Clearly, this was a case of plagiarism. More importantly, perhaps, it was a case of such supine dumbness that surely the offending student had no business being in the higher education system, period. I can’t remember the penalty, if any, the student received for this, but it certainly wasn’t course-threatening. Nor, as I have since discovered, was this one-two scenario – of mind-bendingly stupid cheating, followed by a lack of any meaningful penalty, unprecedented.
For whatever reason, these sorts of incident seem to not even register on James McConvill’s radar, when it comes to the woes of modern academia. But anyway, back to Deakin law school – with an anecdote that doesn’t involve James, actually, but does rather fit within modern academia’s woes, nonetheless.
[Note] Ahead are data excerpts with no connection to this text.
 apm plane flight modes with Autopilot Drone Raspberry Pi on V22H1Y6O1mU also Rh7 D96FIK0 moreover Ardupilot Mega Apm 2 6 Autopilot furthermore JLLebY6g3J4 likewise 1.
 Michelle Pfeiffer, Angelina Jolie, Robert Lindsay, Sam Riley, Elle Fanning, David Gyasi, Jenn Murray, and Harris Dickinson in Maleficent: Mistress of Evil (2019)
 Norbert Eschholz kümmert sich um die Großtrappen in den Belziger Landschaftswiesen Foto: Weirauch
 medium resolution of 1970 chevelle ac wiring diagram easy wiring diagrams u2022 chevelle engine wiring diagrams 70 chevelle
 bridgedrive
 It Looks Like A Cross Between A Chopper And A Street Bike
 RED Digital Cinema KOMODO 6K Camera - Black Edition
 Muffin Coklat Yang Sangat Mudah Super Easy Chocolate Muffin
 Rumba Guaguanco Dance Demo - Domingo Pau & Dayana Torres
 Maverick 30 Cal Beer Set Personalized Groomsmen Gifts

In 2nd semester 2005, I lectured and tutored in a new (for me) law subject. I was paid for this sessionally (= by the teaching hour). Under the Enterprise Bargaining Agreement in place at the time, sessional/casual teaching staff could not teach more than 60% of a typical full-time load, unless they were actually paid as full-time staff. My teaching load of five hours per week plainly exceeded this 60% threshold (a typical full-time load was/is 7.5 hours/week), and from early in the semester, I attempted to get this recognized, and paid accordingly (which meant an extra $15,000 or so (gross) for me).
Deakin law school managers (and university HR) were, to put it mildly, reluctant to obey the law here. By repeatedly putting bizarre new twists on the unassailable maths at centre, the teaching semester ended with no resolution in sight. Unfortunately, my union support also ended at this time (as the 60%-rule was omitted in a new EBA, then just starting operation, my case would have no value as a future precedent). Nor was going on my own to the Federal Magistrates Court (where EBAs are enforced) a viable option. The unrecoverable costs of chasing $15,000 make such a move futile, even if a win is virtually guaranteed.
So if there’s one thing to take away from reading this folks, it’s that Deakin University law school is a gutter, criminal operation. James McConvill is well to be free of them, although the irony is that his latest outpourings sound more and more “Deakin” – that is to say, uncivilised and steam-rolling over the basic law-and-justice concepts that one ostensibly professes and respects.